Dynamics of yeast particle uptake by wild type and β subunit–null cells. Serial light microscopy images of AX2 or LW6 cells incubated on a solid substratum with yeast particles. A total of 10⁶ WT (AX2) or gβ⁻ (LW6) cells in 5 ml of Soerensen phosphate buffer, pH 6.0, were incubated with 10⁷ heat-killed yeast particles in 60-mm Petriperm dishes. Phagocytosis by single cells was followed for 2 h by time-lapse videomicroscopy on a Zeiss Axiovert 35 microscope equipped with a 100× Neofluar objective and a Zeiss ZVS-47DE charge-coupled device videocamera connected to a Panasonic 6050 videorecorder. Images were recorded at 0.5-s intervals. Selected images were captured with the Apple video player and mounted using Adobe Photoshop.
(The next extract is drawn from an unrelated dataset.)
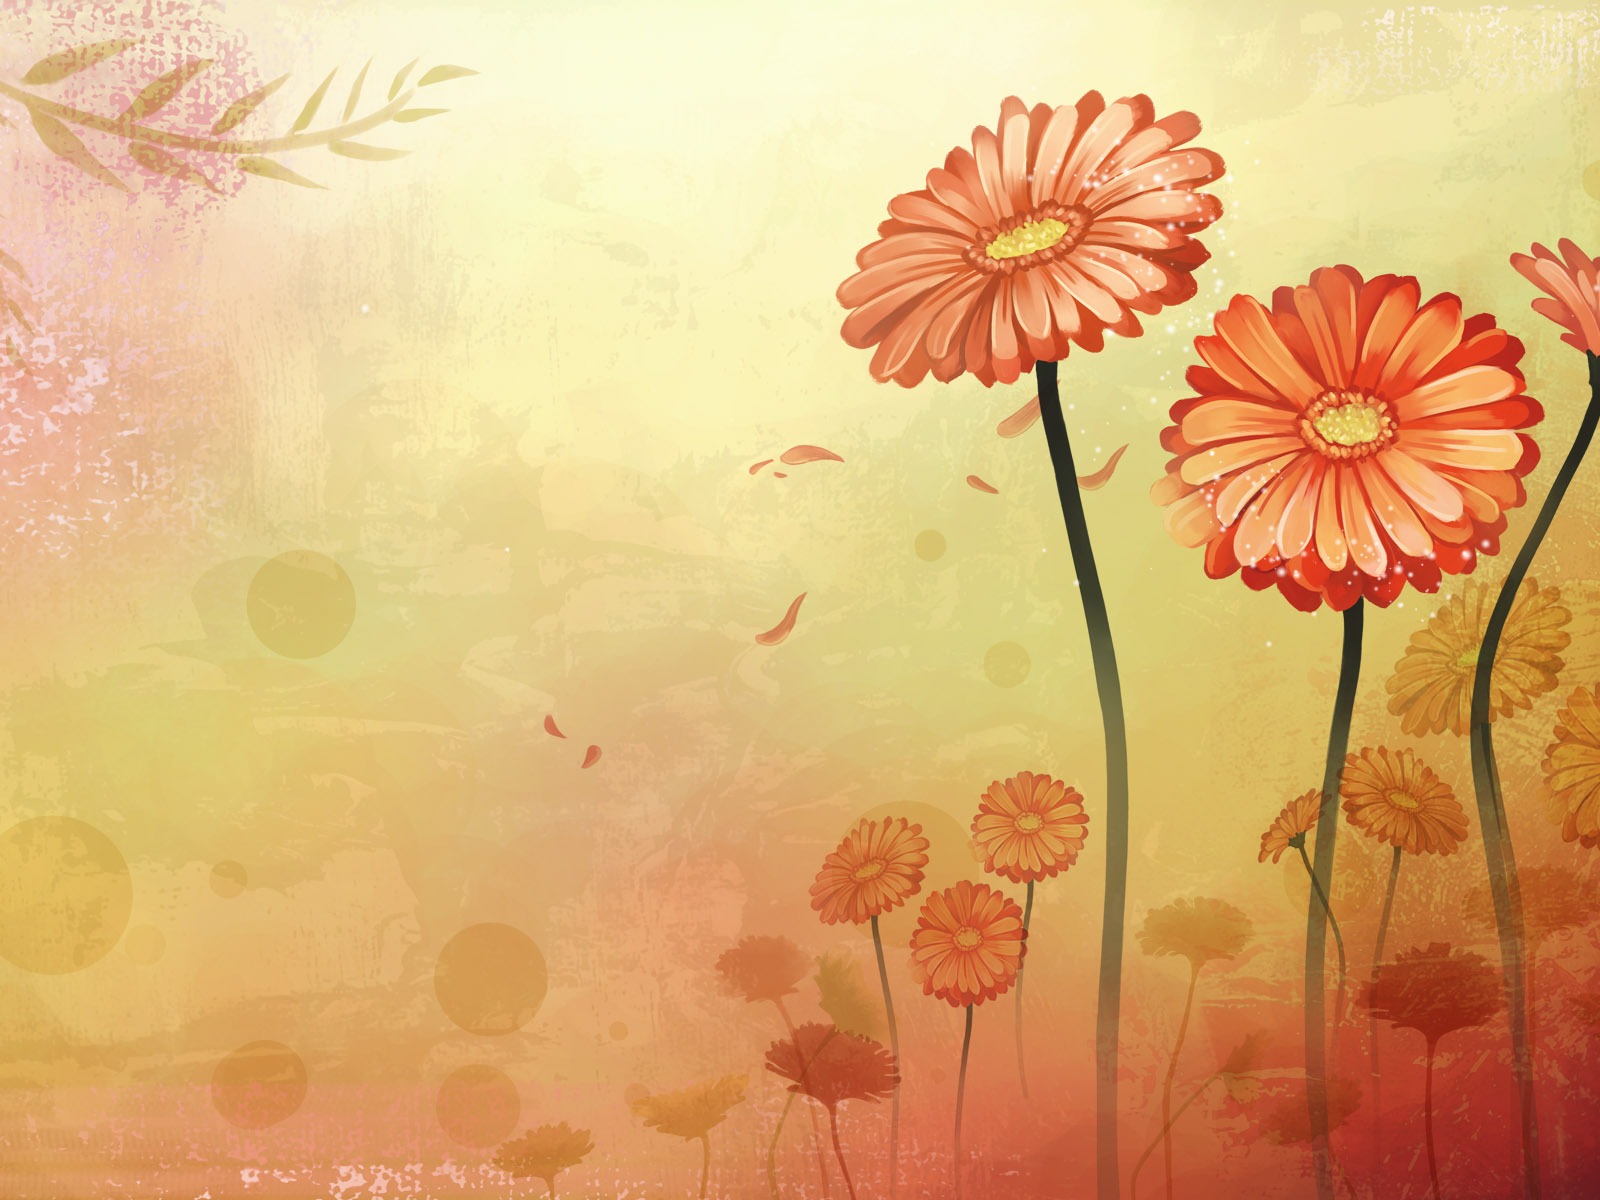 Synthetic Wallpaper Colorful Flower #28 - 1600x1200
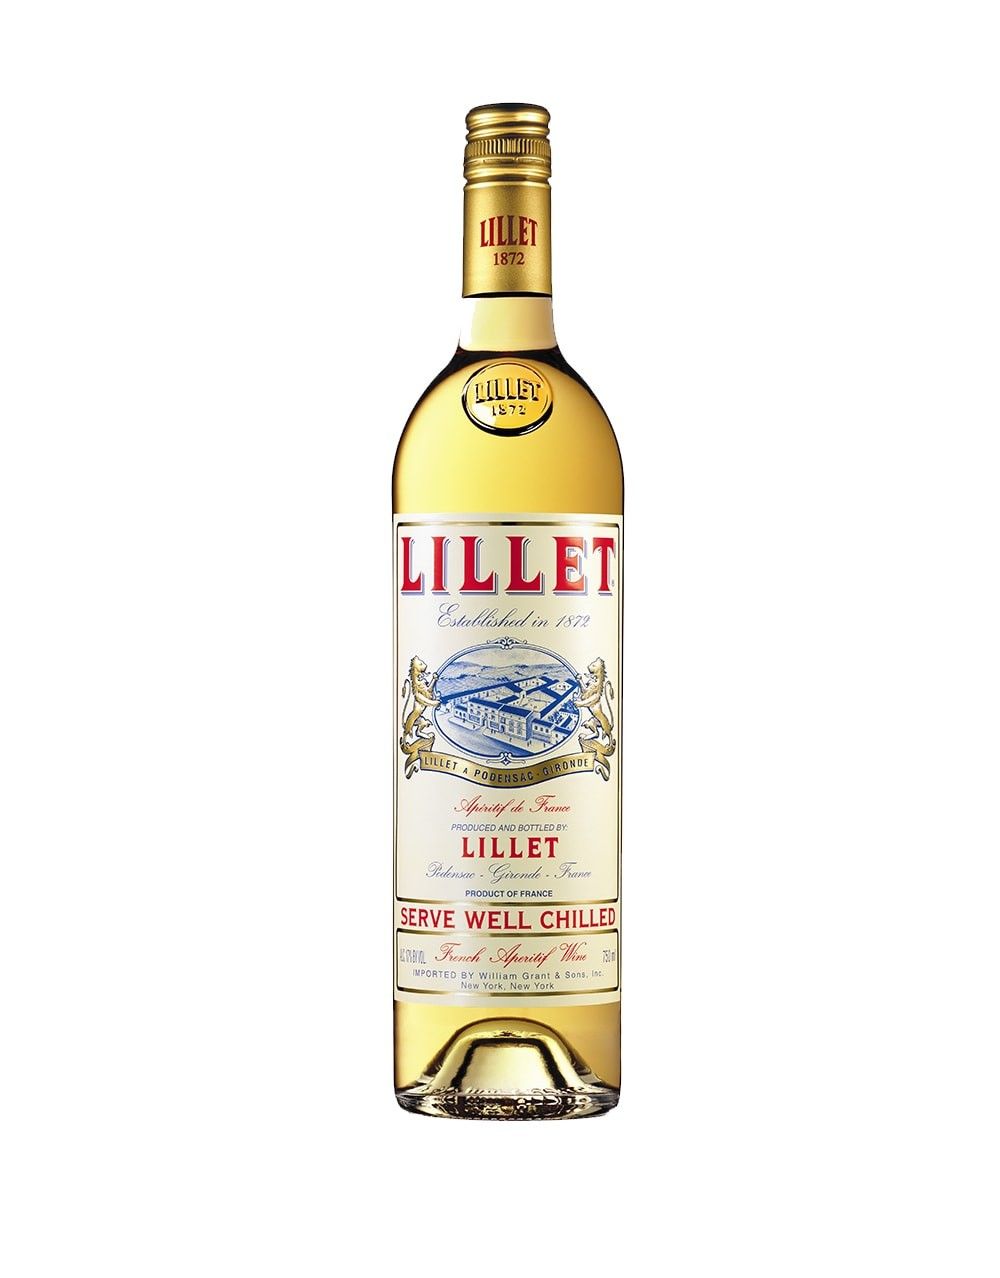 Lillet Blanc | Buy Online or Send as a Gift | ReserveBar

Numbers indicate time in s.

Figure 6

Actin localization in wild-type and β subunit–null cells during phagocytosis of yeast particles. WT (AX2), rescue (LW20) and gβ⁻ (LW6) cells incubated with TRITC-labeled yeast particles on glass coverslip. Phase-contrast and corresponding FITC-phalloidin fluorescence images are shown on alternate lines. For LW20 and LW6, single cells showing membrane projections enriched with actin are shown in addition to cells engulfing yeasts. Cells were incubated with yeast particles on a glass coverslip for 30 min followed by fixation and labeling with FITC-phalloidin.